The thermal shield may comprise a continuous or coherent surface. In an alternative embodiment, the thermal shield may comprise or consist of a plurality of spaced shield elements or rings. The thermal shield may further comprise one or more sections of coiled wire.

In an embodiment, the thermal shield is shaped in such a way to conform to a shape of the main magnet. For example, a surface contour of the thermal shield may imitate or conform to a surface contour of the main magnet.

In an embodiment, the thermal shield corresponds to a 50K shield of a magnetic resonance device.

The outer vacuum chamber may form a vessel which is substantially impermeable to fluids, such as a liquid or a gaseous cryogen. The vacuum chamber may be configured to maintain a vacuum in an inner volume encompassed by the vacuum chamber. In an embodiment, the outer vacuum chamber encompasses other components of the magnet support system, such as a cryogen vessel, the thermal shield, a further thermal shield, and the main magnet. According to an embodiment, the outer vacuum chamber comprises an outer shell, an inner shell, and annular end walls connecting the outer shell and the inner shell. In an embodiment, the outer vacuum chamber may form a double-walled hollow cylinder enclosing the main magnet and the thermal shield between the outer shell, the inner shell and the annular end walls. A cylinder axis of the outer vacuum chamber may be oriented in parallel to or correspond an axis of rotational symmetry defined by the solenoidal coil of the main magnet. The inner shell of the outer vacuum chamber may correspond to a patient bore of a magnetic resonance device.

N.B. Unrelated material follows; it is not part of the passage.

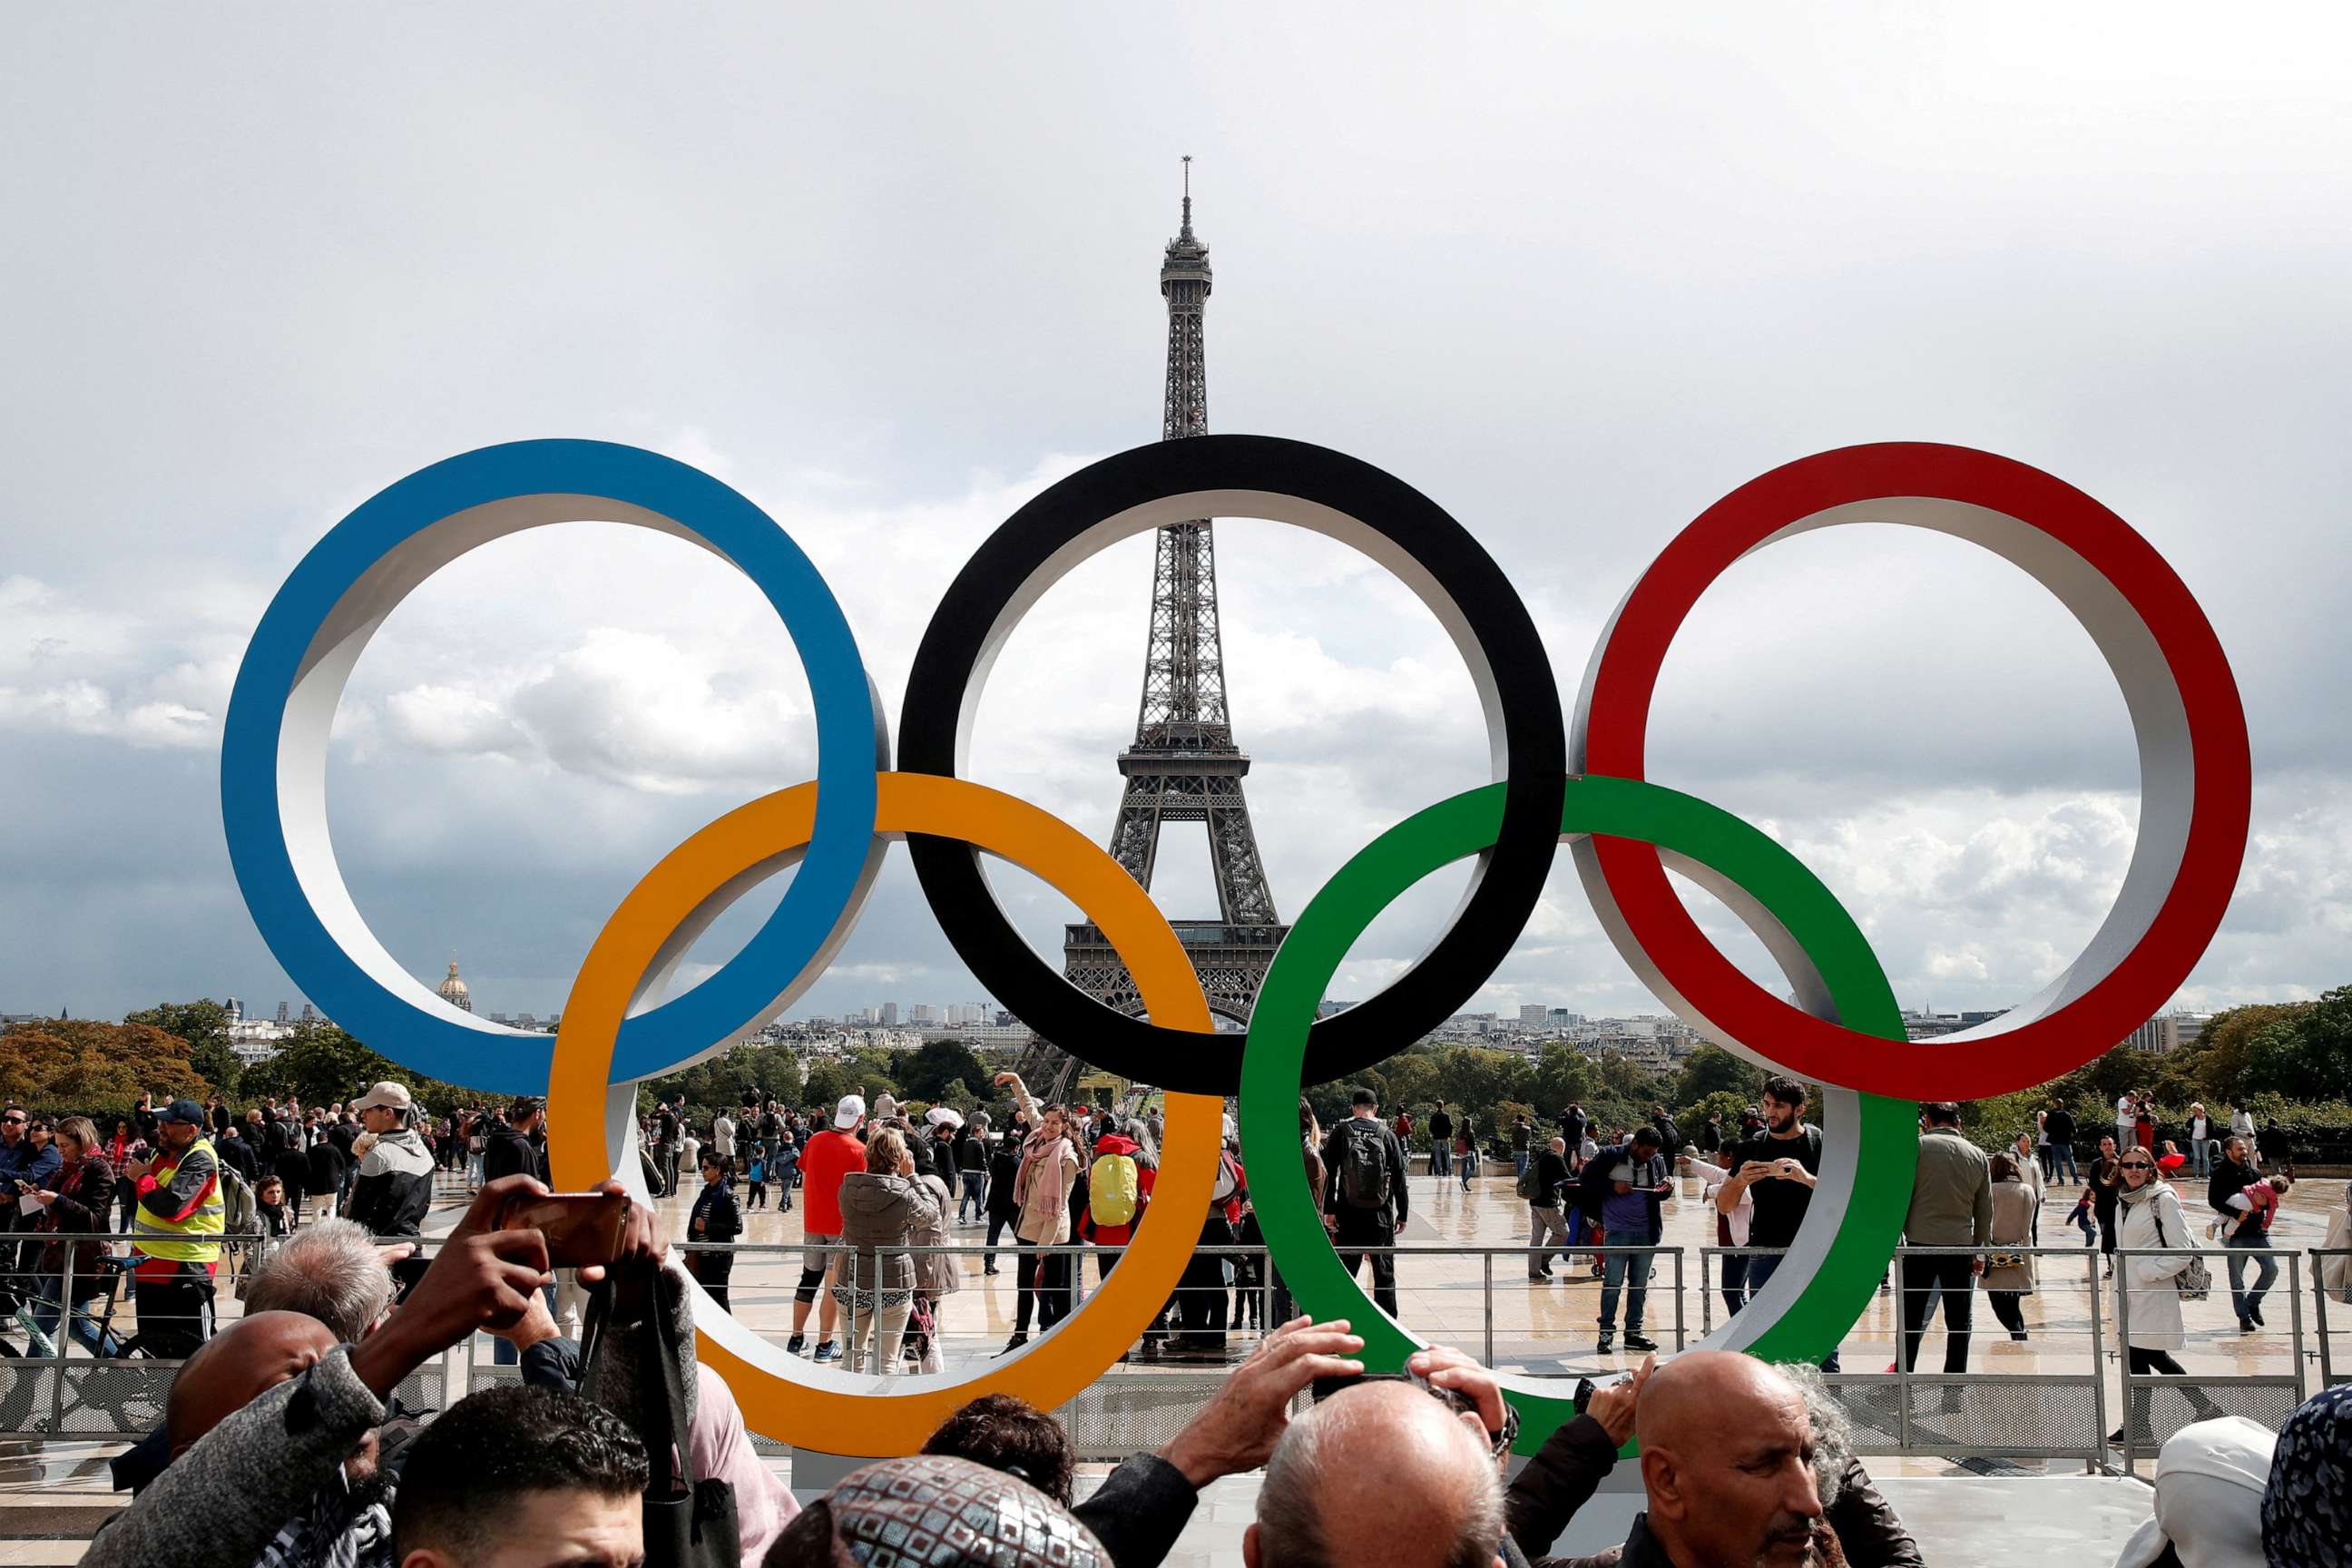 PHOTO: In this file photo, Olympic rings to celebrate the IOC official announcement that Paris won the 2024 Olympic bid are seen in front of the Eiffel Tower at the Trocadero square in Paris, France, Sep. 16, 2017.

In an embodiment, the outer vacuum chamber is configured to provide mechanical support to the suspension rod and the main magnet. The outer vacuum chamber may also be configured to provide mechanical support to the thermal shield and/or a further thermal shield. For example, the thermal shield and/or the further thermal shield may be suspended from the outer vacuum chamber.

According to the disclosure, the first end of the suspension rod is mechanically connected to the main magnet and the second end of the suspension rod is mechanically connected to an outer wall of the outer vacuum chamber.

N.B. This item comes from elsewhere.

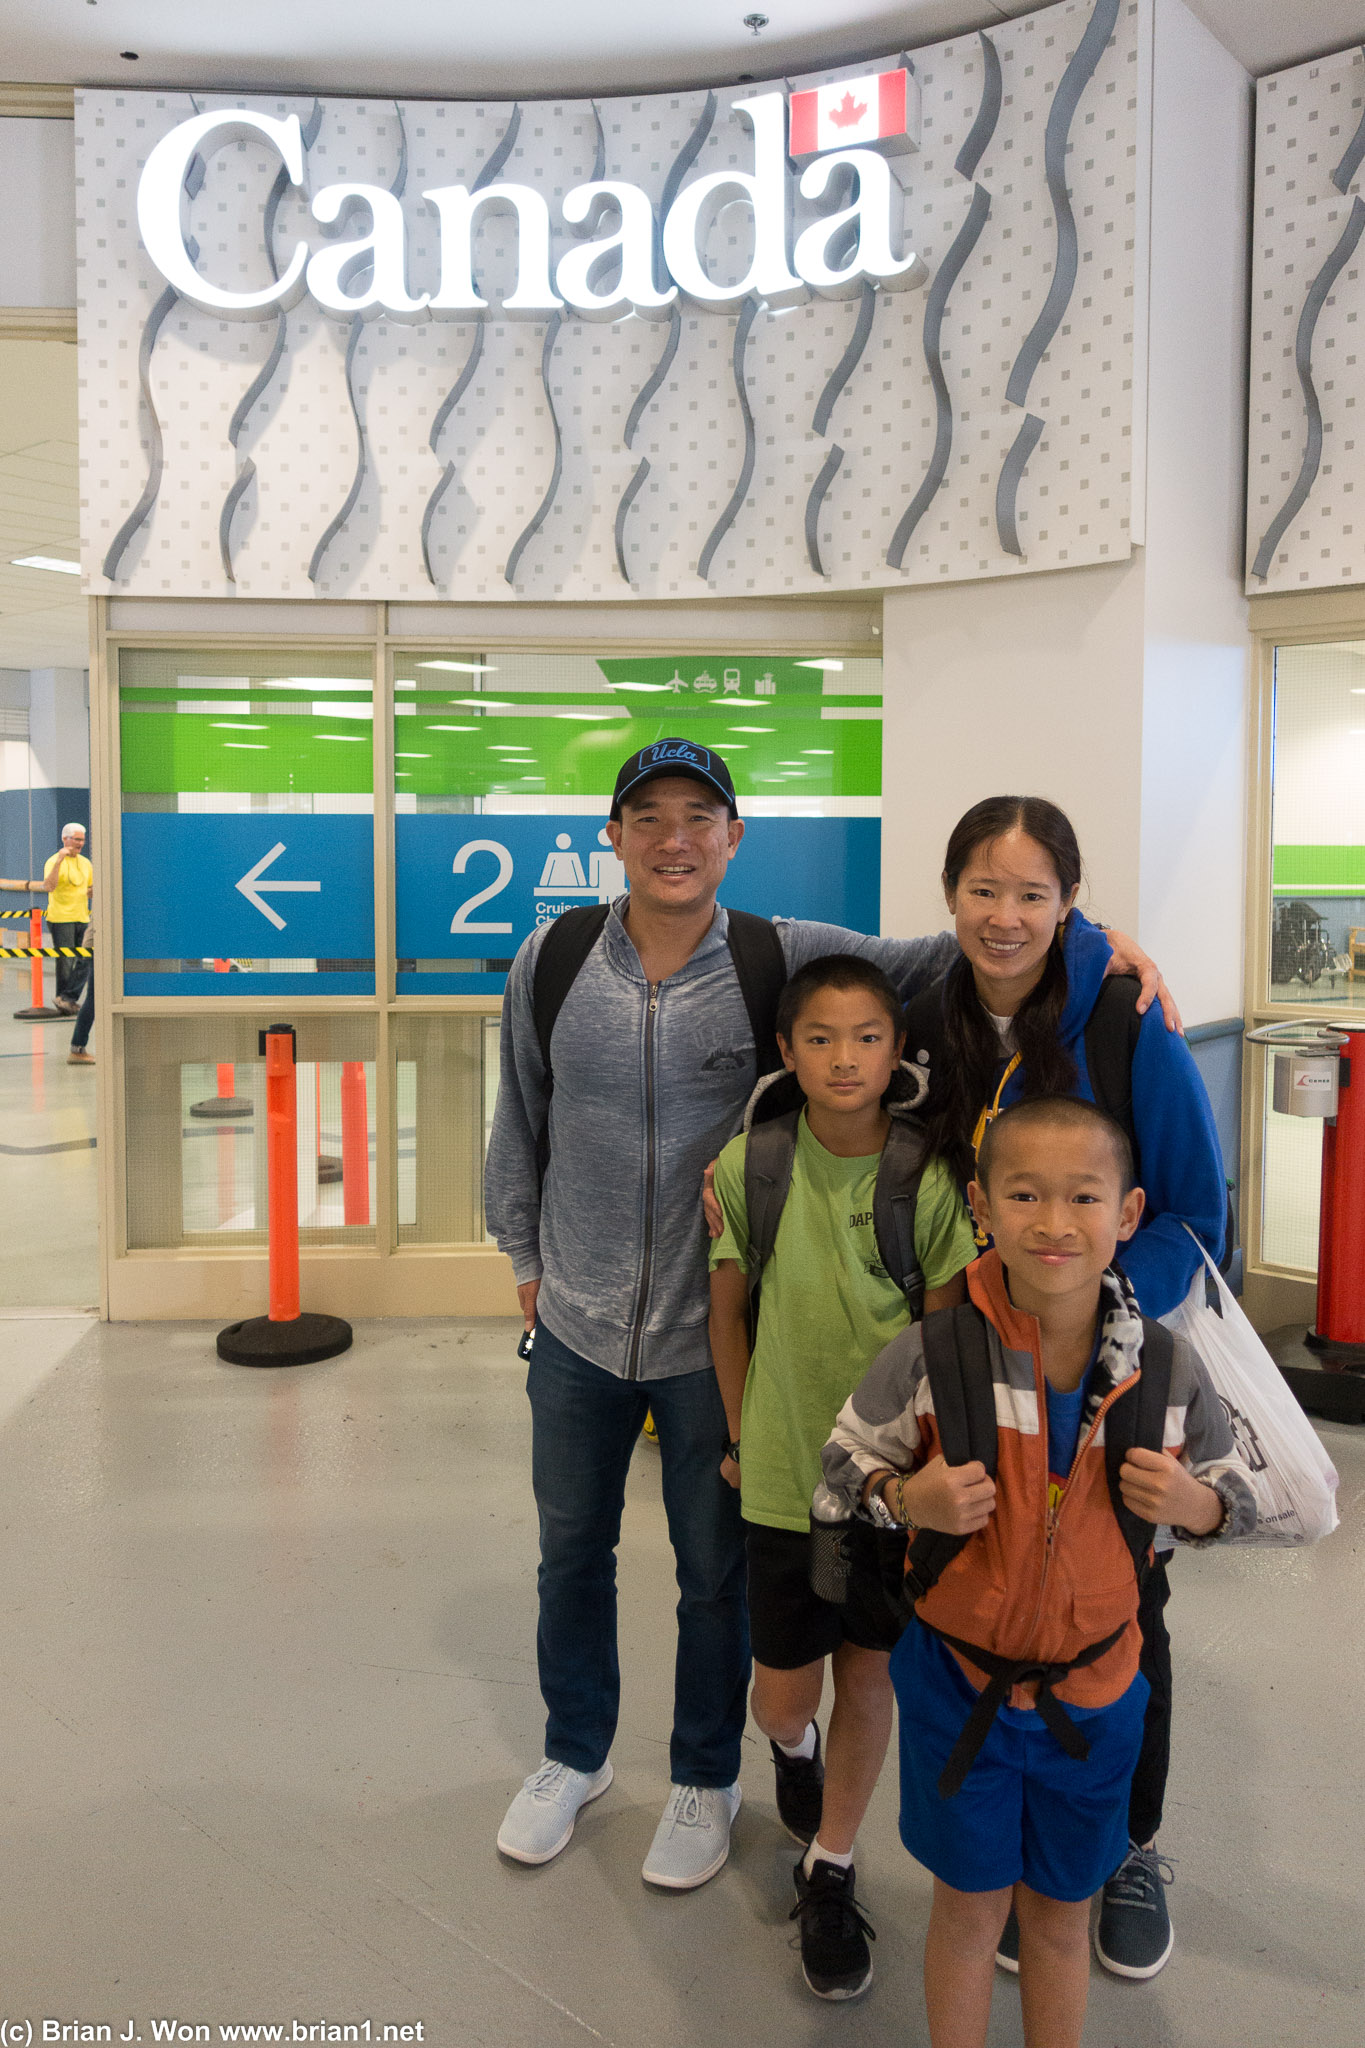 The Lee family, about to depart.

As described above, the first end and/or the second end of the suspension rod may comprise an anchor or a ferrule. The anchor or ferrule at the first end of the suspension rod may be configured to mechanically engage with the main magnet. Likewise, the anchor or ferrule at the second end of the suspension rod may be configured to mechanically engage with the outer vacuum chamber. Thus, the suspension rod may be held under tension when mechanically connected to the main magnet and the outer vacuum chamber. The suspension rod may be mechanically connected to the main magnet and the outer vacuum chamber via any suitable mechanical connection. For example, the suspension may be screwed, clamped, and/or bolted to the main magnet (or a support structure supporting the main magnet). It is also conceivable that the suspension rods are mechanically connected to the main magnet via hooks.

The suspension rod is routed through a passage in the thermal shield. The passage in the thermal shield may represent a hole, a bore, a slot, a cavity, etc., extending through a material or wall of the thermal shield. The suspension rod may pass through the passage in the thermal shield to provide a mechanical connection between the main magnet and the outer vacuum chamber.

The thermal intercept is mechanically connected to a section of the suspension rod located between the first end of the suspension rod and the thermal shield.

It is conceivable that the thermal intercept and the thermal shield are spaced apart along an axis of the suspension rod. For example, a distance between the thermal intercept and the thermal shield may correspond to a length of a section of the suspension rod. In an embodiment, the length of the section of the suspension rod defining the distance between the thermal intercept and the thermal shield may exceed any suitable length such as for instance 3 cm, 5 cm, 10 cm, 15 cm, 20 cm, etc. In some embodiments, however, the distance between the thermal intercept and the thermal shield may be less than any suitable length, such as 5 cm for instance. In an embodiment, a distance between the first end of the suspension rod and the thermal shield exceeds a distance between the first end of the suspension rod and the thermal intercept.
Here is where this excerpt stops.